And honestly, I don't know if you CAN get 1/2 the shots with live view running. That LCD seriously burns a TON of power.  Think of a smart phone.  Keep it in your pocket all day and regardless of how busy it is, you'll have a lot of battery left at the end of the day.  Take it out and play solitaire for even an hour? hooo boy.


----------



## astroNikon (Oct 6, 2013)

On page 17 of your manual

before shooting, turn teh camera on and check the battery level and number of exposures remaining in the information display or viewfinder (if the monitor is turned off, press the Info button to view the information display; if the monitor does not turn on, the battery is exhausted and must be recharged).
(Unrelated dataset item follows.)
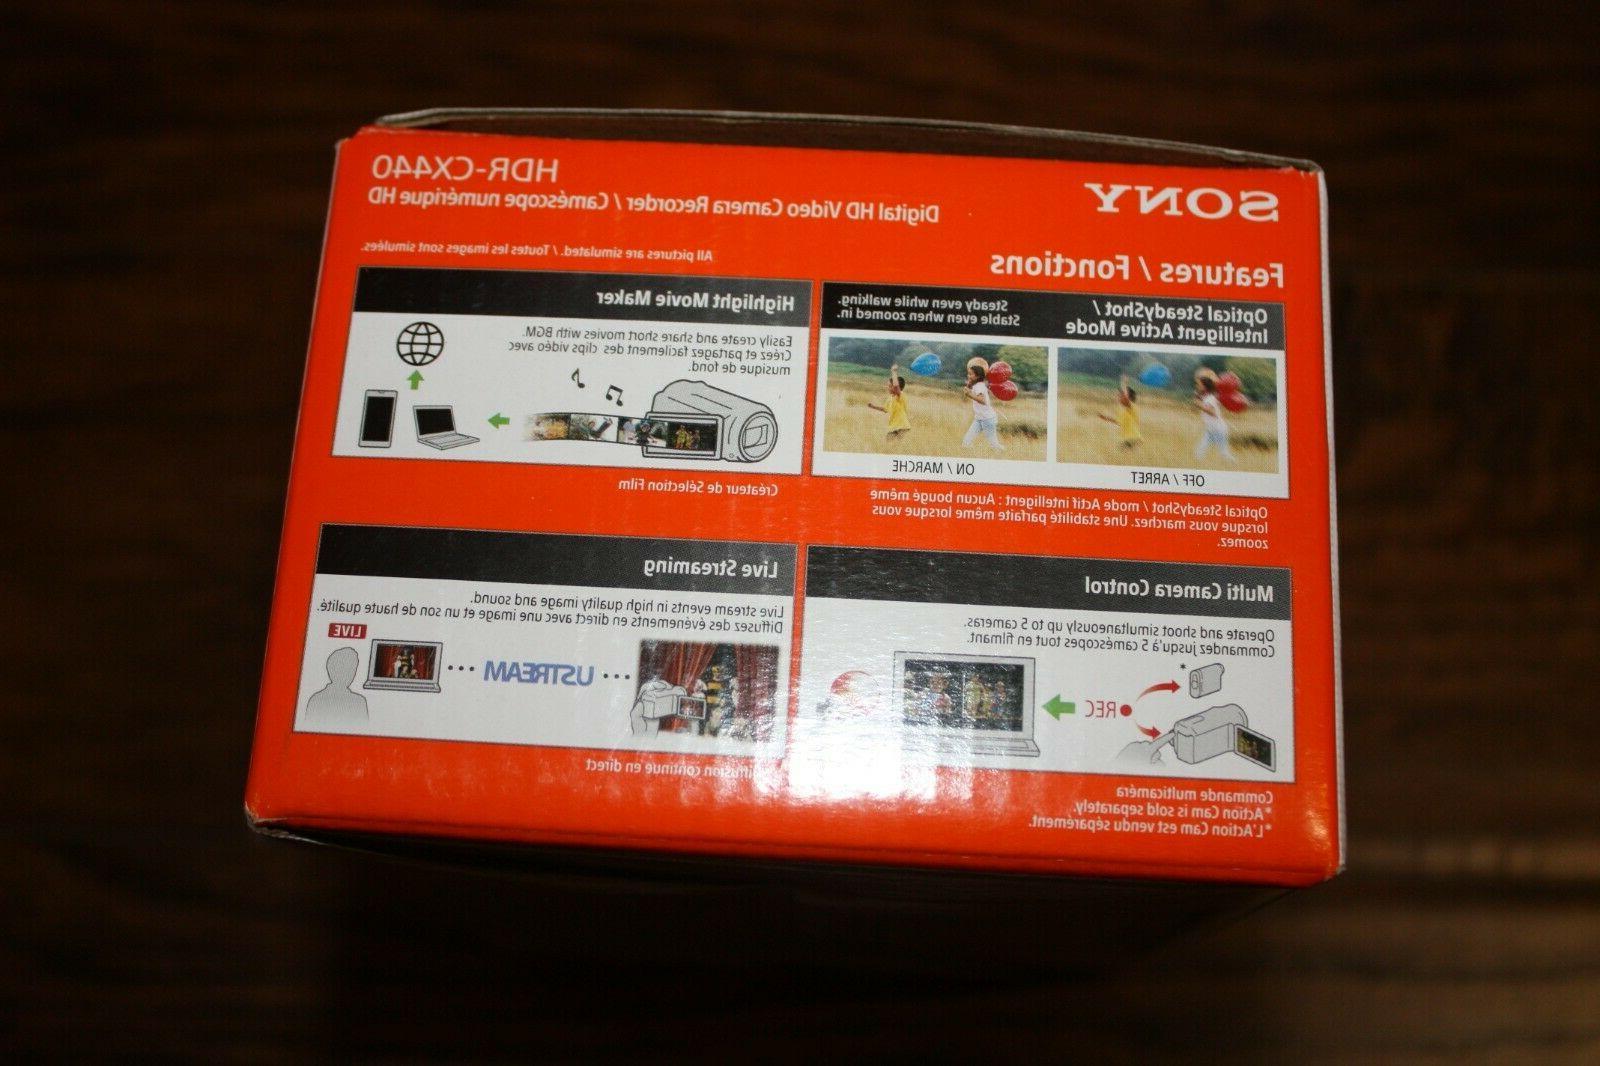 Brand Handycam 9.2 Full 1080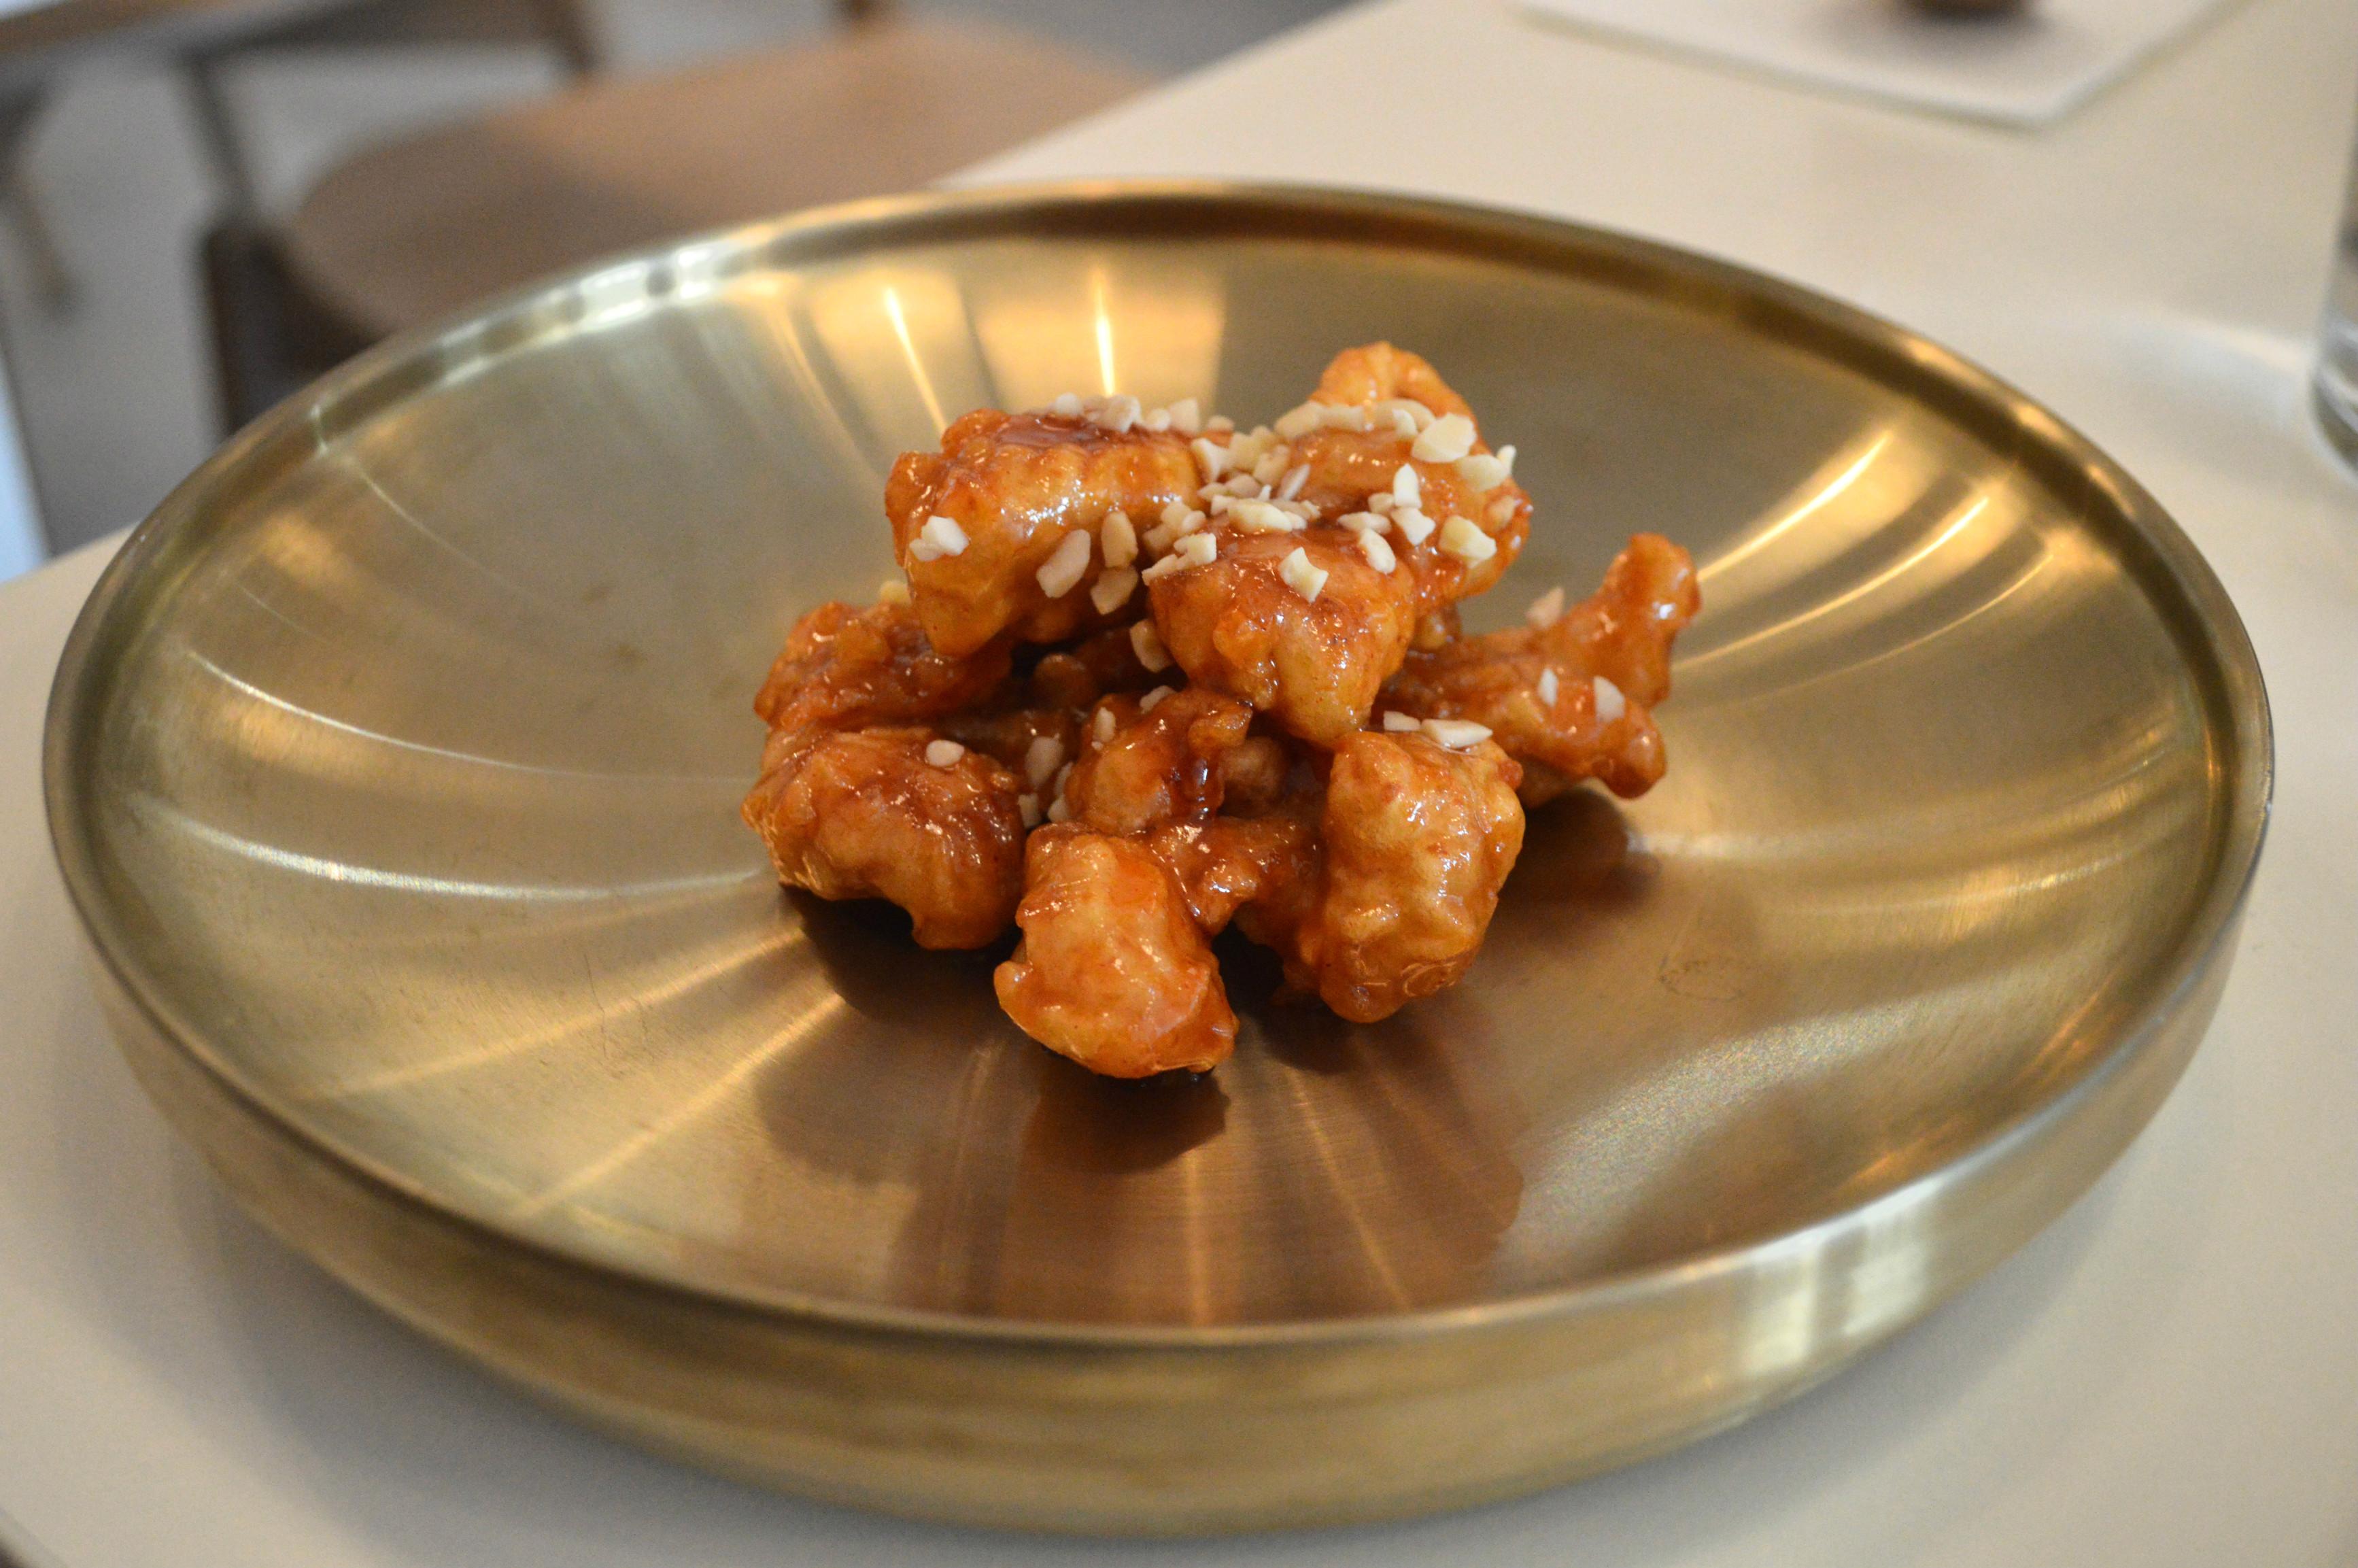 poulet croustillant Bibibap Bordeaux cuisine coréenne - blog Camille In Bordeaux

on the top left is a battery indicator.  Of course a fully enclosed battery icon is fullcharges, then partially discharged, low battery, and if it blinks it is exhausted.


----------



## Tony S (Oct 6, 2013)

Charge your battery to full, then put it in the camera and leave the live view or some other feature on until it shuts down because of a low batter.  Now charge the battery to full again.  Sometimes the metering on newer electronics using batteries can be reset to actually read a the batteries correctly using this method.  It had nothing to do with battery life or memory (which with Li-Ion batteries is a non issue), but the way the camera reads the battery power.


----------



## PaulWog (Oct 6, 2013)

Here's some pointers from a D5200 user (I haven't read the other responses so hopefully I don't double-up):

1) Live-view drains your battery more quickly. It also causes the VR on any lens to work constantly (draining more battery and possibly reducing the life-span of the VR in the lens). Live-view also usually takes a little longer to focus, draining more battery with each focus. If you have set your camera to continual focus, then even more battery drainage will occur since the camera in live-view will constantly refocus.
2) I have set my camera up to RAW-only. If you set it up with JPEG and RAW, it will likely take up more processing power, and it'll use up more battery power with each shot.
3) I use single-point focusing. I don't know if this saves battery for me, but that's what I do. Also, don't use the built-in flash, that'll really drain your battery.
4) If you leave your camera on continually, it'll drain the battery. Turn it off when you're not using it, it turns on extremely fast so there's no worry about missing a shot (unless if you're in the midst of shooting continually).
5) If you're constantly focusing your lens and not taking a shot, you'll also end up draining the battery. Just because you don't click on the shutter doesn't mean you haven't used up battery power.
6) Auto mode is a battery drainer. It uses more processing power, pops the flash up when you often don't need it, etc. The only excuse for having a DSLR in auto is if you have a prime lens and you have it set to a quick aperture, otherwise I'd just be using a point-and-shoot with built-in flash. I find DSLR's in auto mode with basic zoom lenses don't really edge out the competition (decent point-and-shoot cameras). You need to take advantage of what the DSLR has to offer and manage the aperture, ISO, and shutter speed; you also need to understand how to use flash, and/or (preferably AND) have a prime lens or a quick zoom lens (f1.8-f2.8 are great apertures to have as an option).


----------



## mikeyidaho (Oct 6, 2013)

My sister shoots her d3200 only in auto and she doesn't get many shots either. A major factor I believe is that in auto the pop up flash is used a large portion of the time which is a huge drain, and making the camera do all the thinking might be detrimental compare to a manual or semi manual mode. 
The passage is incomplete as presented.